The code generated by GCC is much faster. LLVM does unroll the loop, which GCC does not do, but the addressing code is a constant repetition of these three instructions:

      imull $7, %ecx, %edx
      movl %eax, %esi
      addl %edx, %esi

Yup, this is an issue of simple "peephole expansion" of the getelementptr instruction.

All but the first occurrance do nothing but put the same address into %esi that was already there to being with, and does it with an expensive multiply at that. GCC correctly creates a suitable induction variable and strength reduces the multiplication down to addition.

This is called loop strength reduction.

It turns out that using the new selection dag code generator, the outer loop is unrolled also and nothing is left but a bunch of movb instructions. Much, much faster.

For the record, instead of the ugly code above, the new isel generates:

init_board:
        mov %EAX, DWORD PTR [%ESP + 4]
        mov %ECX, 0
.LBBinit_board_1: # loopexit.1
        imul %EDX, %ECX, 7
        mov BYTE PTR [%EAX + %EDX], 46
        mov BYTE PTR [%EAX + %EDX + 1], 46
        mov BYTE PTR [%EAX + %EDX + 2], 46
        mov BYTE PTR [%EAX + %EDX + 3], 46
        mov BYTE PTR [%EAX + %EDX + 4], 46
        mov BYTE PTR [%EAX + %EDX + 5], 46
        inc %ECX
        cmp %ECX, 7
        jne .LBBinit_board_1 # loopexit.1
.LBBinit_board_2: # return
        mov BYTE PTR [%EAX + 6], 0
        mov BYTE PTR [%EAX + 13], 0
        mov BYTE PTR [%EAX + 20], 0
        mov BYTE PTR [%EAX + 27], 0
        mov BYTE PTR [%EAX + 34], 0
        mov BYTE PTR [%EAX + 41], 0
        mov BYTE PTR [%EAX + 48], 0
        ret

This code is almost "perfect" with the exception of the multiply by 7 inside of the loop. Loop strength reduction would transform this into an add like GCC produces.

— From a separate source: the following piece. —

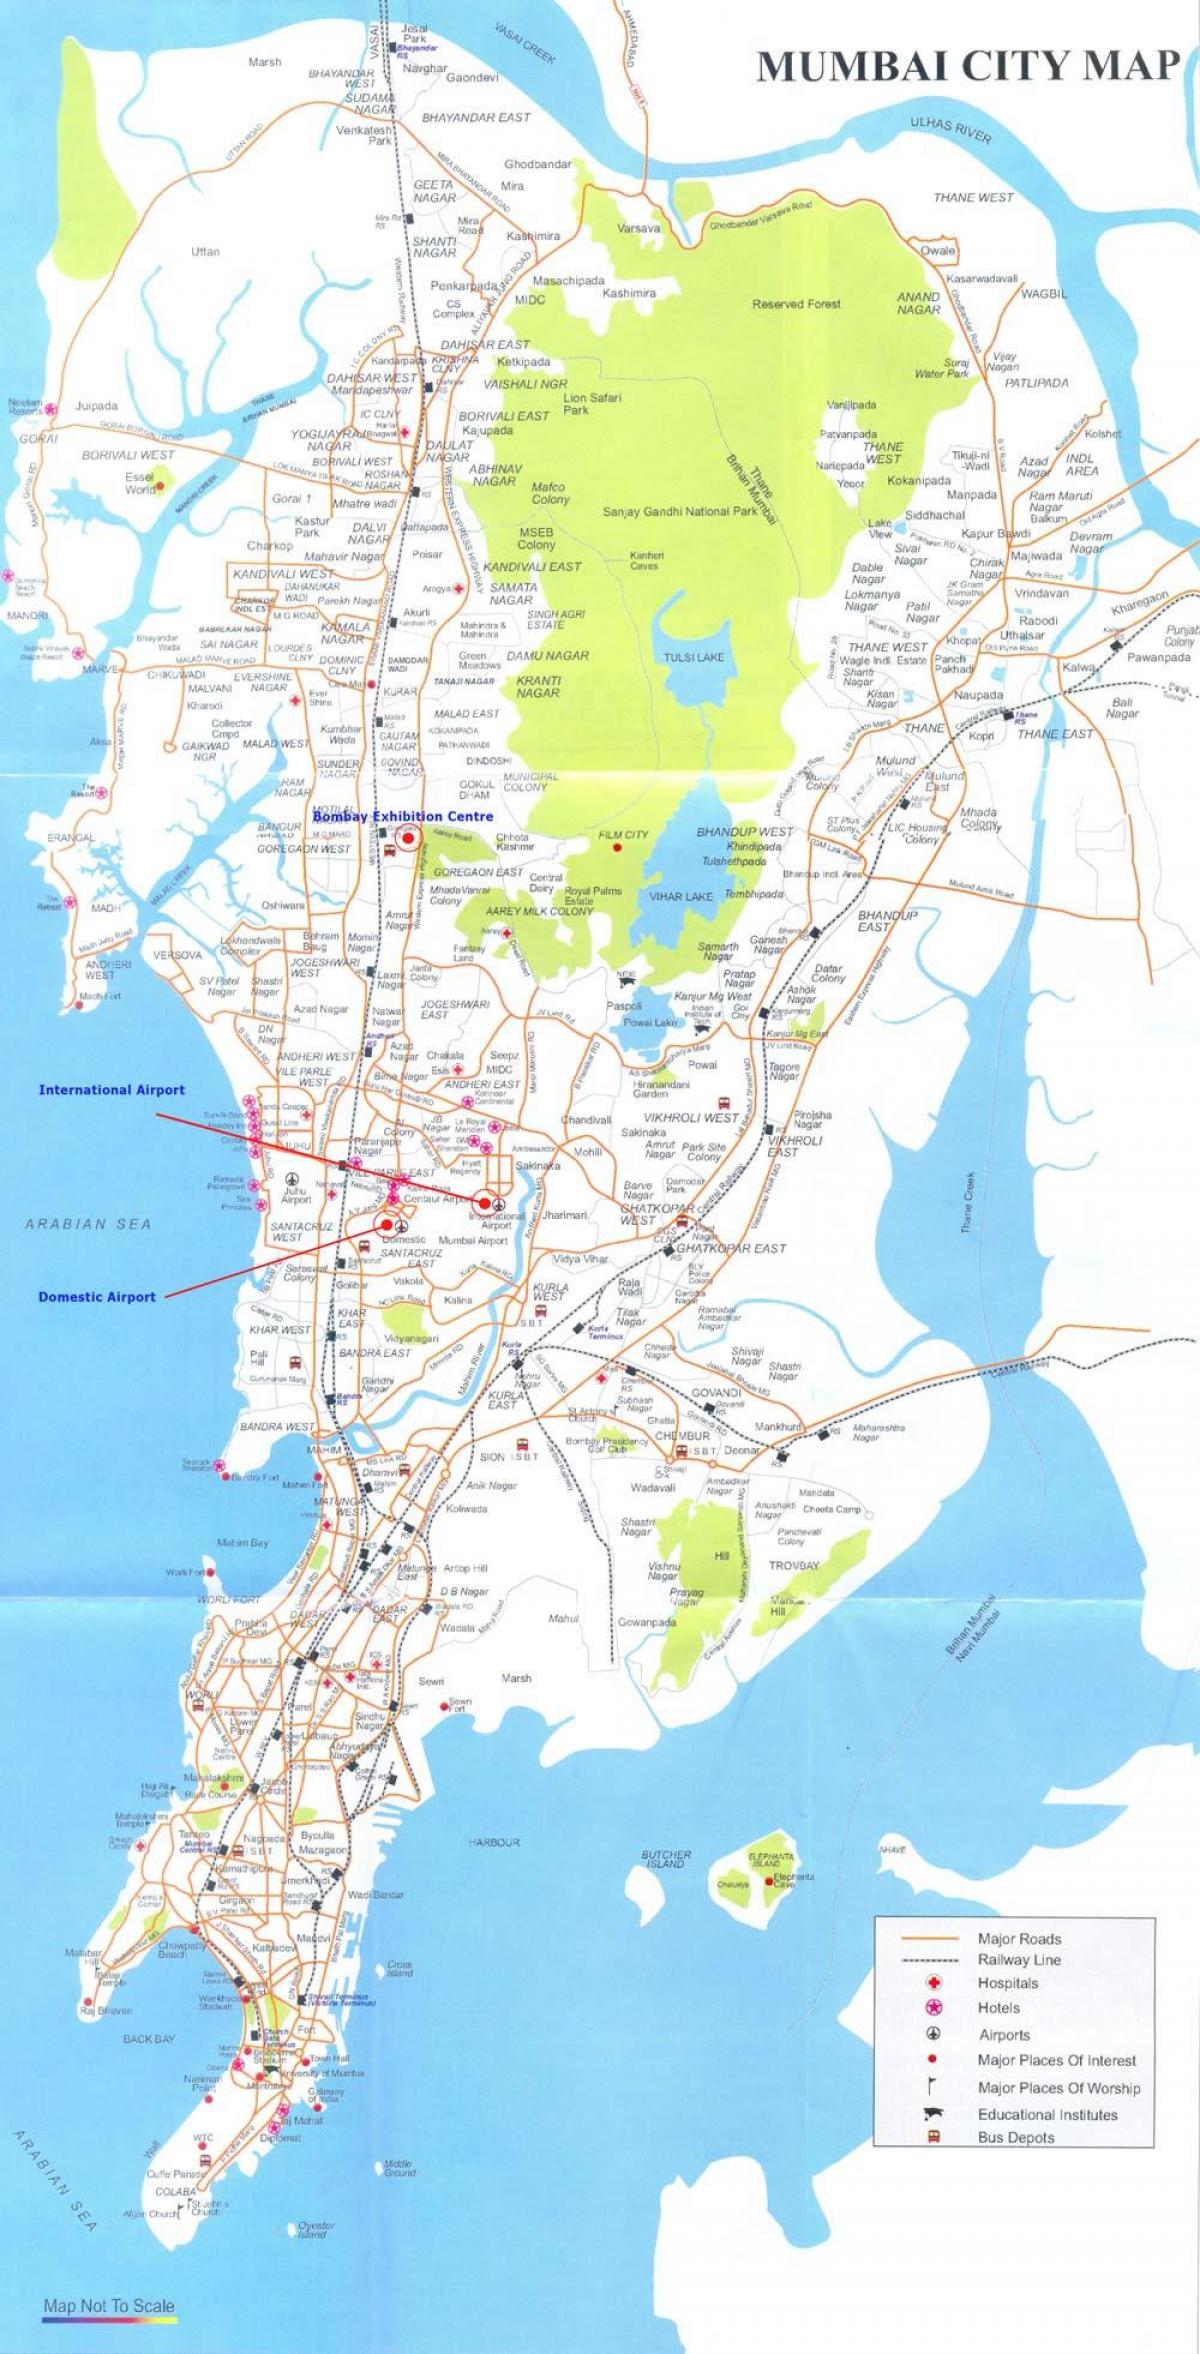 kort over Mumbai thane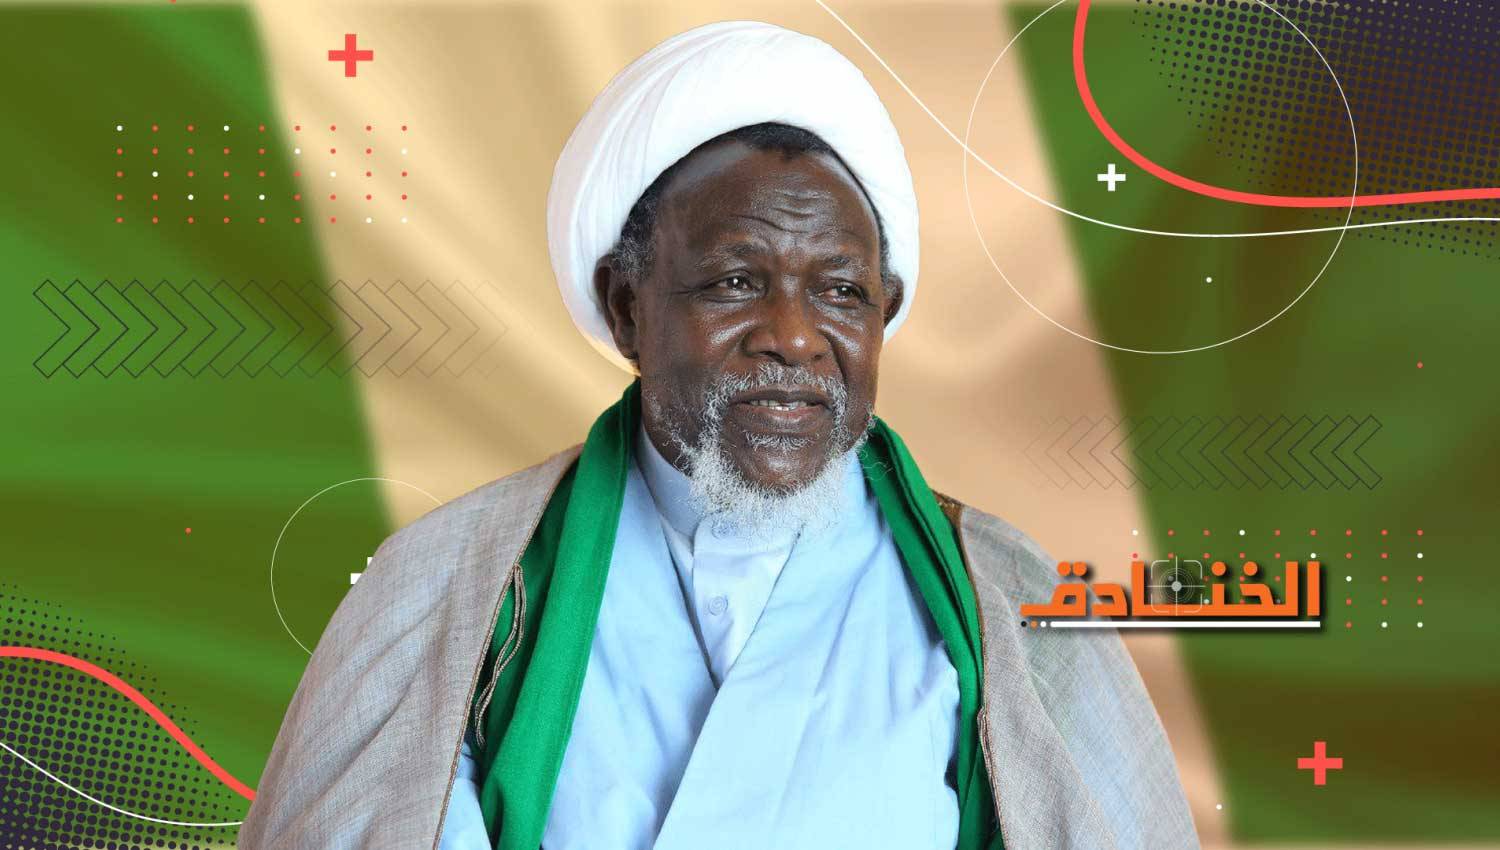 الشيخ ابراهيم الزكزاكي: قائد المظلومين في نيجيريا

But still, the optimization passes shouldn't be leaving so much garbage around for instruction selection to clean up. At first, I thought all that was needed was to another round of basic block optimizations after the loop was unrolled, until I saw the actual LLVM bytecodes:

There are two issues here. First, LLVM code is NOT designed for trivial peephole code generation. This is *possible*, but not going to give you good quality code (see above :wink: ). The new isel uses an extremely light-weight DAG-based optimizer that both simplifies instruction selectors and optimizes the code before selection. LLVM code is meant to be a host to mid-level and interprocedural optimizations, and I think it does that job well.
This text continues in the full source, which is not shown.